2 days ago I installed ATOP after @syncer comment. This was aprox 23h PM Brazil, then I post those information. Then, 6 AM from the next day (yesterday morning) I restarted the server again. Today I look to the memory graph and it seems stable. How? (130MB used in 30h)

Until yesterday morning 10AM I was using memory SNMP check every 1.800s, then I changed interval to 300s (OID .1.3.6.1.4.1.2021.4.11.0). This change can be seen with “dots” on the next image.

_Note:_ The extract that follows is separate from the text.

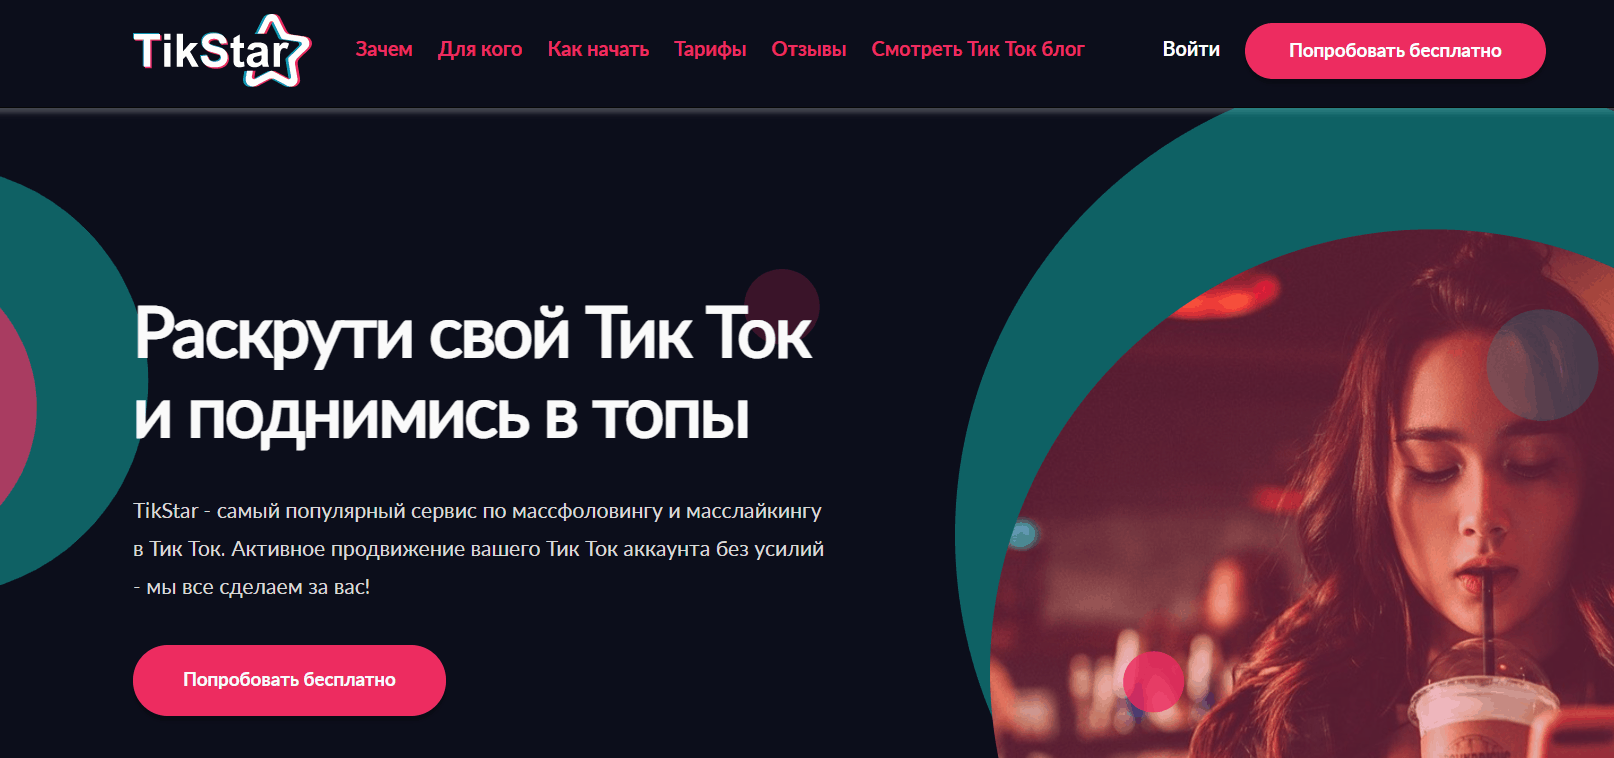 TikStar - продвижение в TikTok

luis@SERVER-BGP:~$ show system uptime
09:47:38 up 1 day, 3:22, 1 user, load average: 0.08, 0.03, 0.01
luis@SERVER-BGP:~$ show system memory
Total: 7982
Free: 5702
Used: 2280

luis@SERVER-BGP:~$ show ip route summary
Route Source Routes FIB (vrf Default-IP-Routing-Table)
connected 11 11
static 9 0
ospf 206 200
ebgp 717775 717775
ibgp 3021 3021
Totals 721022 721007

luis@SERVER-BGP:~$ show ip bgp summary
IPv4 Unicast Summary:
BGP router identifier 172.18.0.101, local AS number xxx vrf-id 0
BGP table version 2144917
RIB entries 1335130, using 204 MiB of memory
Peers 7, using 144 KiB of memory
Neighbor V AS MsgRcvd MsgSent TblVer InQ OutQ Up/Down State/PfxRcd
aaa.bbb.251.9 4 xxx 1641 496480 0 0 0 1d03h20m 8
aaa.bbb.0.3 4 xxx 138284 453746 0 0 0 1d03h20m 3053
aaa.bbb.143.253 4 xxx 11306 1650 0 0 0 1d03h20m 18759
aaa.bbb.143.254 4 xxx 15695 1650 0 0 0 1d03h20m 18767
aaa.bbb.55.94 4 xxx 523444 3296 0 0 0 1d03h20m 716681
aaaa:bbbb:1603:3e::a 4 xxx 824097 1651 0 0 0 1d03h20m NoNeg
aaaa:bbbb:f0ca:ffff::2 4 xxx 369540 1251423 0 0 0 1d03h20m 103307
Total number of neighbors 7

luis@SERVER-BGP:~$ show ipv6 bgp summary
IPv6 Unicast Summary:
BGP router identifier 172.18.0.101, local AS number xxx vrf-id 0
BGP table version 1588912
RIB entries 114058, using 17 MiB of memory
Peers 7, using 144 KiB of memory
Neighbor V AS MsgRcvd MsgSent TblVer InQ OutQ Up/Down State/PfxRcd
2001:xxx:xxx:3e::a 4 wwww 824099 1651 0 0 0 1d03h20m 59991
2804:xxx:xxx:ffff::2 4 wwww 369540 1251488 0 0 0 1d03h20m 7
Total number of neighbors 2

root@SERVER-BGP:/home/luis# lsmod | grep e100
e1000e 225280 0

memory-3.txt (31.6 KB)

It remains running fine.
330MB memory consumed in 80 hours.

bgp-mem.txt (31.6 KB)

Did anything else change?
If your memory usgae goes up again, can you please run ‘sh ip bgp memory’

Hi.
I only installed ATOP.
If ATOP doesn’t installed something that “corrected” the problem, then this was pure coincidence.
Now, system is UP 8 days and with more than 5GB free memory.
Memory remains decreasing, but slower.

memory_8days.txt (31.6 KB)

Below 21 days memory monitoring:

luis@SERVER-BGP:~$ show system uptime
07:51:35 up 8 days, 1:26, 1 user, load average: 0.00, 0.00, 0.00
luis@SERVER-BGP:~$ show system memory
Total: 7982
Free: 5185
Used: 2797
luis@SERVER-BGP:~$

show ip bgp memory
1451635 RIB nodes, using 222 MiB of memory
922681 BGP routes, using 99 MiB of memory
3052 BGP route ancillaries, using 644 KiB of memory
14 Static routes, using 1904 bytes of memory
8 Packets, using 448 bytes of memory
2224245 Adj-Out entries, using 153 MiB of memory
170 Nexthop cache entries, using 12 KiB of memory
287925 BGP attributes, using 64 MiB of memory
5 unknown attributes
131820 BGP AS-PATH entries, using 5149 KiB of memory
132038 BGP AS-PATH segments, using 3095 KiB of memory
637 BGP community entries, using 25 KiB of memory
733 BGP community entries, using 23 KiB of memory
75 BGP large-community entries, using 3000 bytes of memory
16 peers, using 328 KiB of memory
504 hash tables, using 32 KiB of memory
1875167 hash buckets, using 57 MiB of memory
16 compiled regexes, using 1024 bytes of memory

To more clear, attacked are shell and vyos commands executed some days before and after ATOP install.

last_shell_commands.txt (5.2 KB)

last_vyos_commands.txt (13.1 KB)

This was the memory usage for more than 60 days.